# WHAT THE TASK REQUIRES:
Would you please set down the data again exactly as given, excluding the pictures?

# PROVIDED DATA:
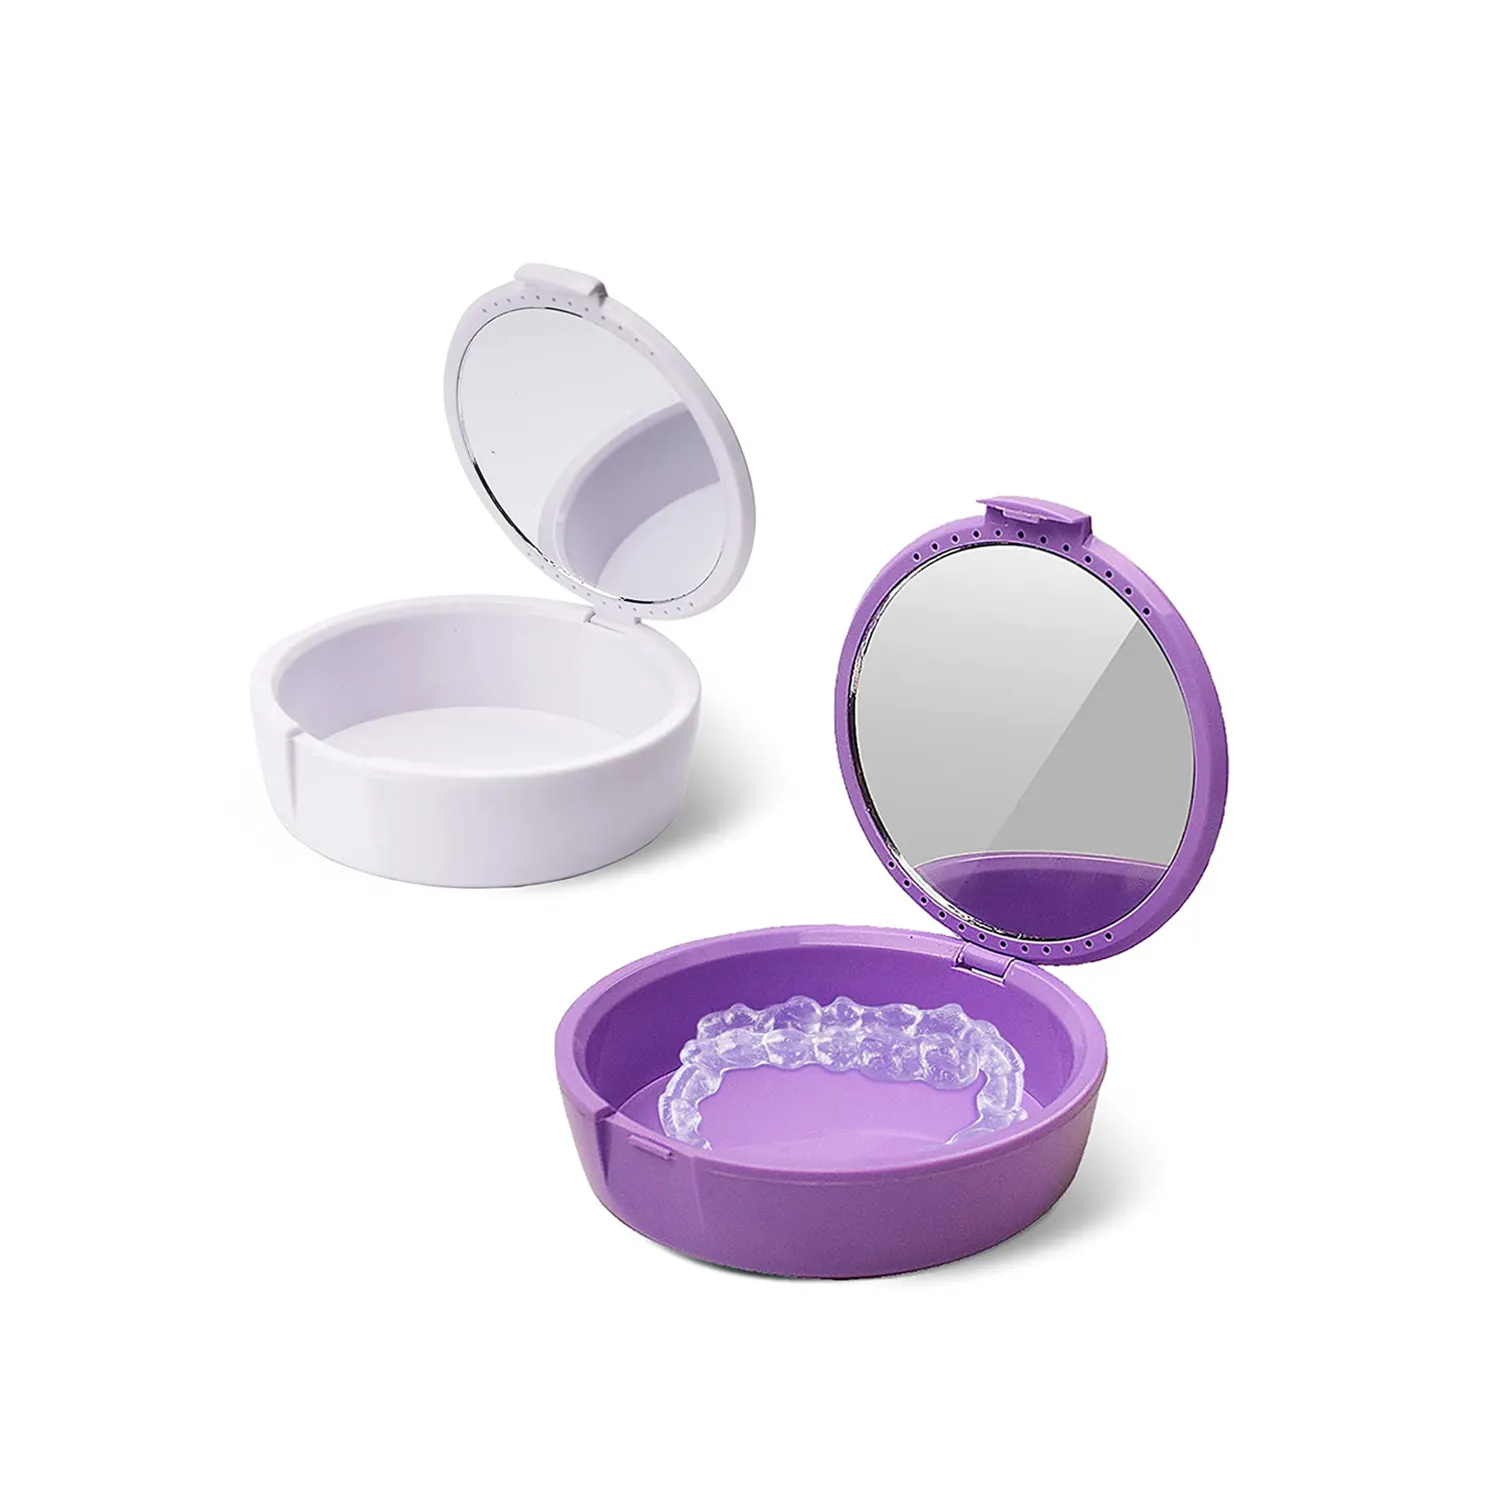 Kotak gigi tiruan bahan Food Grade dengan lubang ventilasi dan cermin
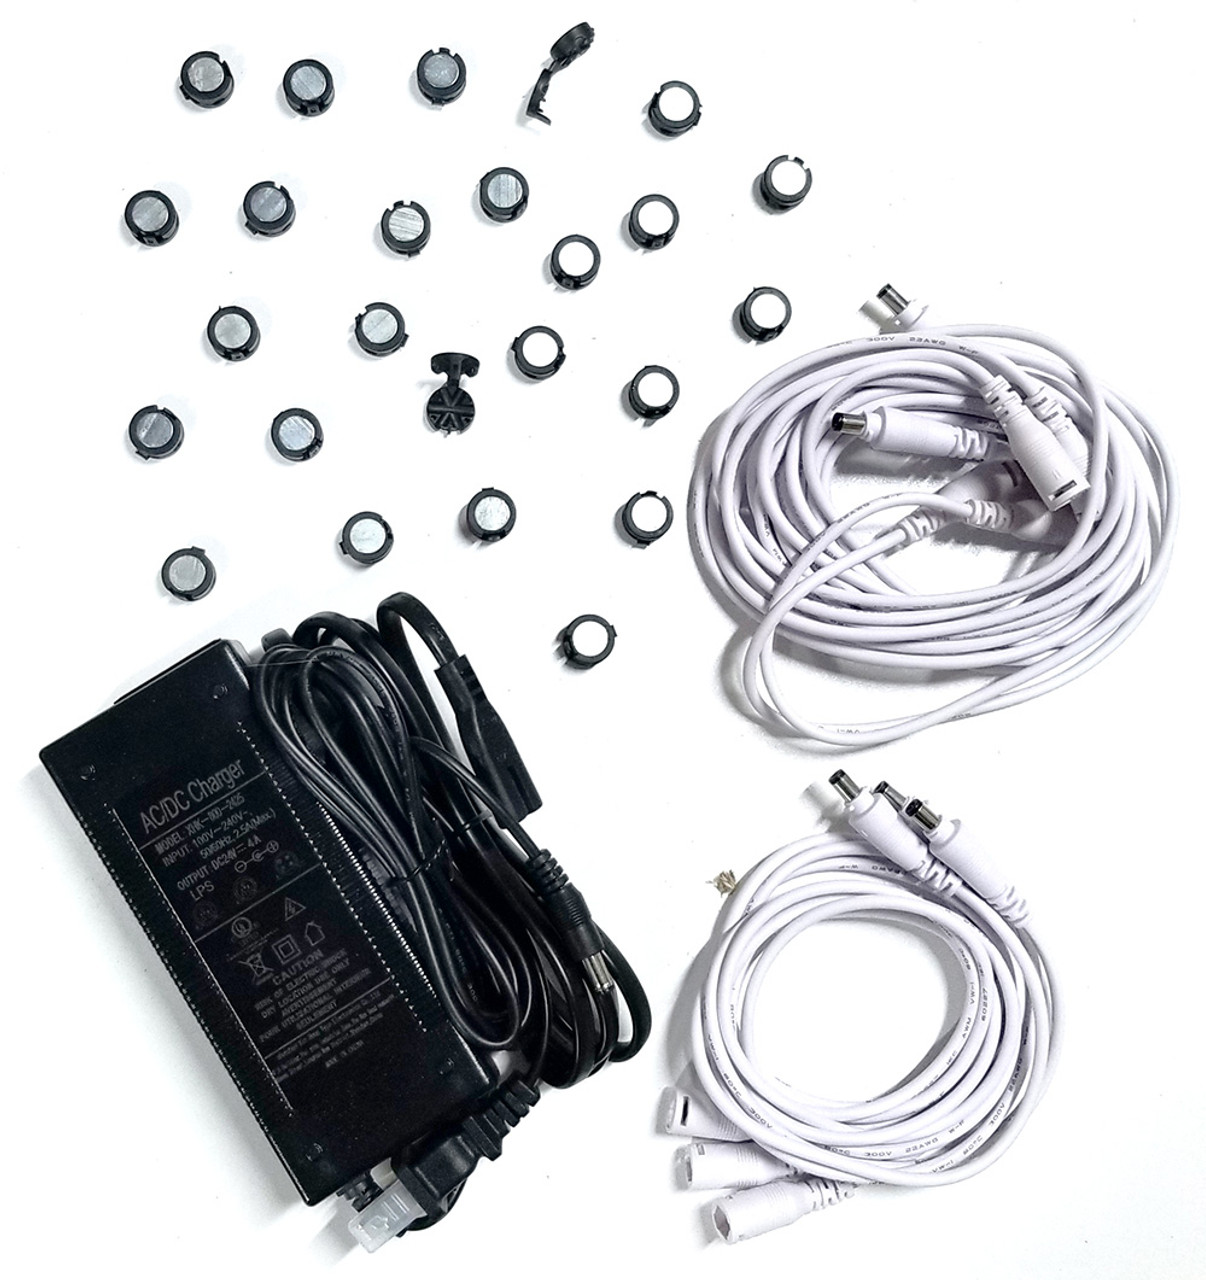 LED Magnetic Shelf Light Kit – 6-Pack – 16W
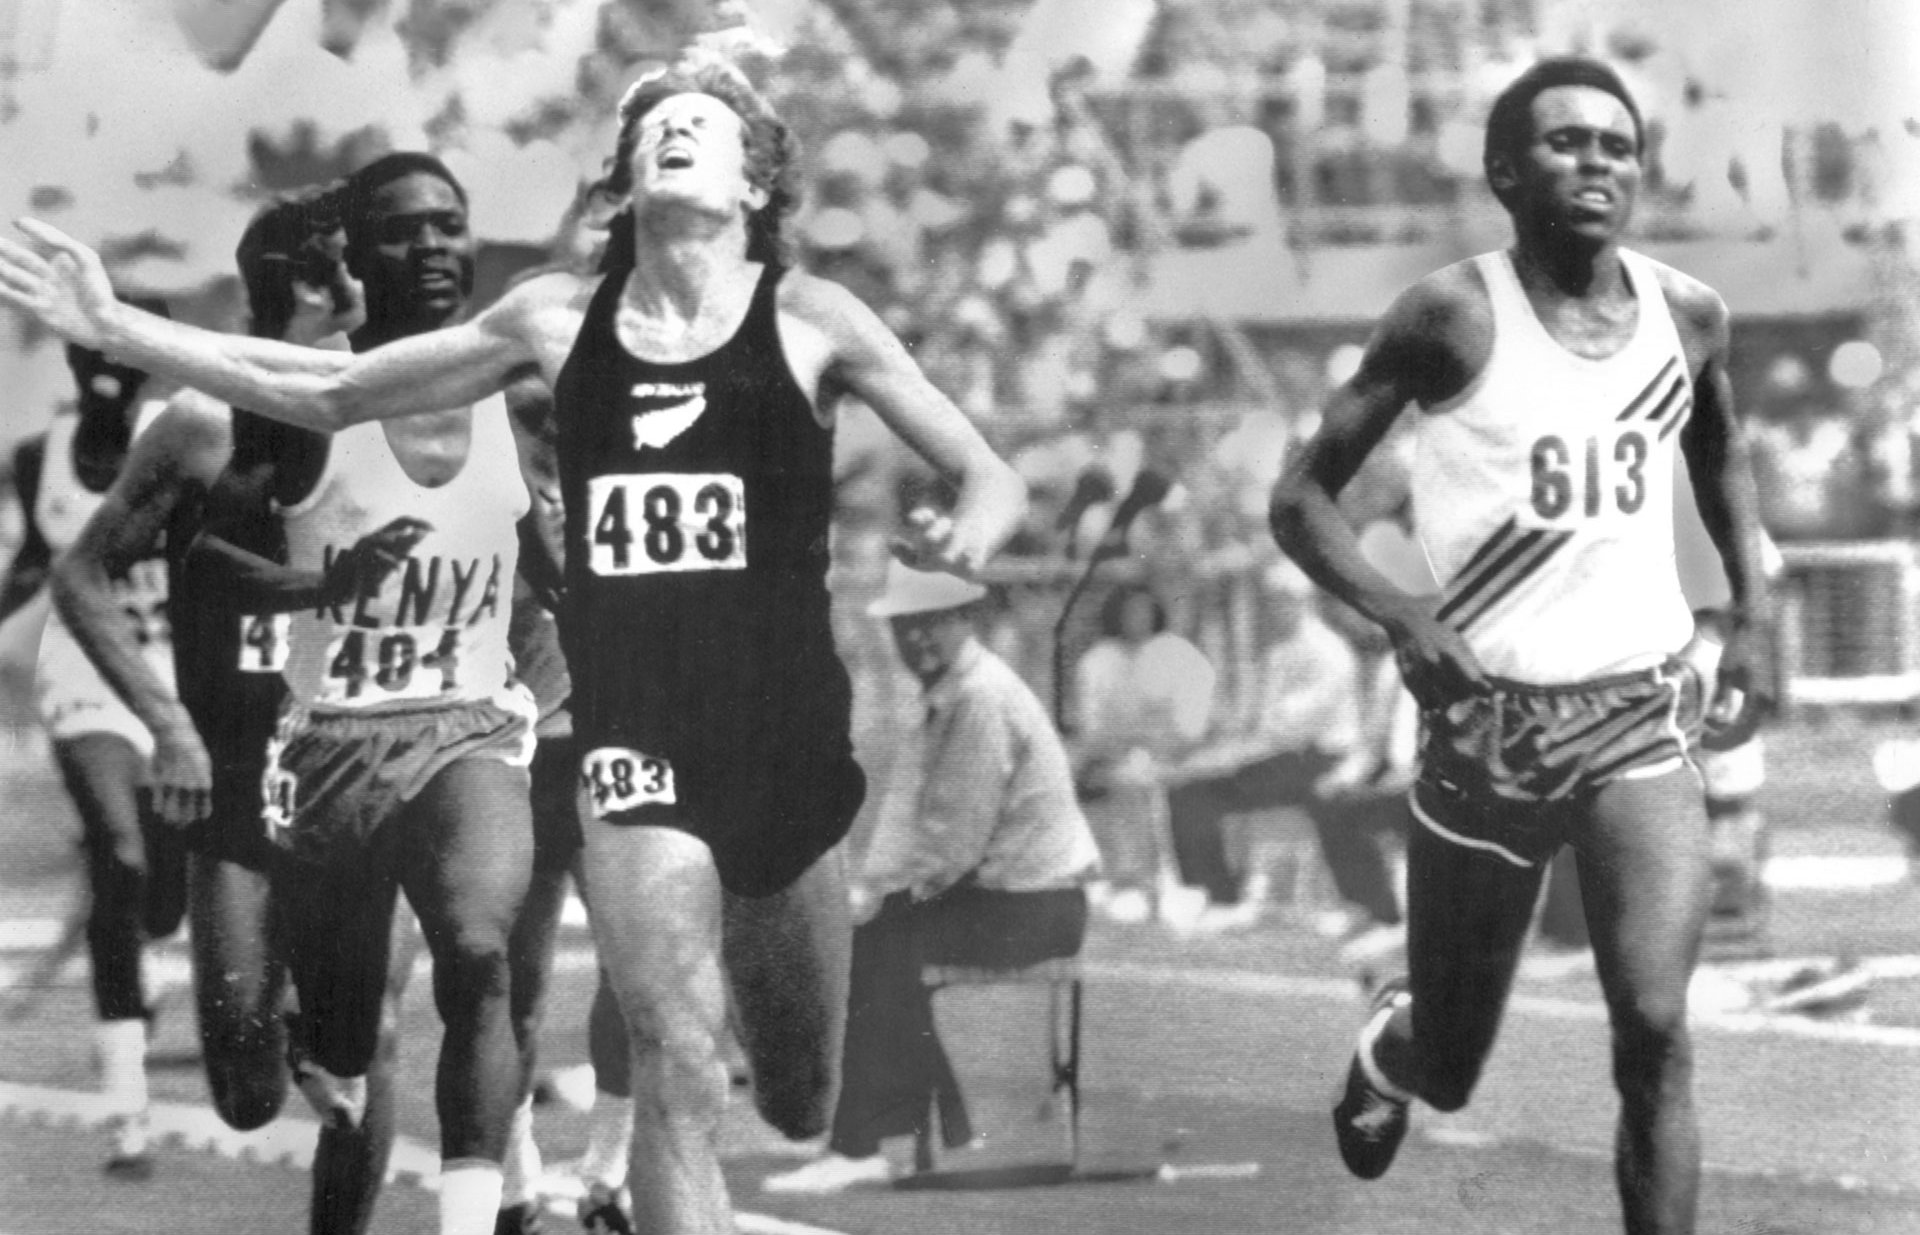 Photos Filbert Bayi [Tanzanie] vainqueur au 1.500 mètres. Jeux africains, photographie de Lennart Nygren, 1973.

# EXPECTED ANSWER:
 Kotak gigi tiruan bahan Food Grade dengan lubang ventilasi dan cermin
 LED Magnetic Shelf Light Kit – 6-Pack – 16W
 Photos Filbert Bayi [Tanzanie] vainqueur au 1.500 mètres. Jeux africains, photographie de Lennart Nygren, 1973.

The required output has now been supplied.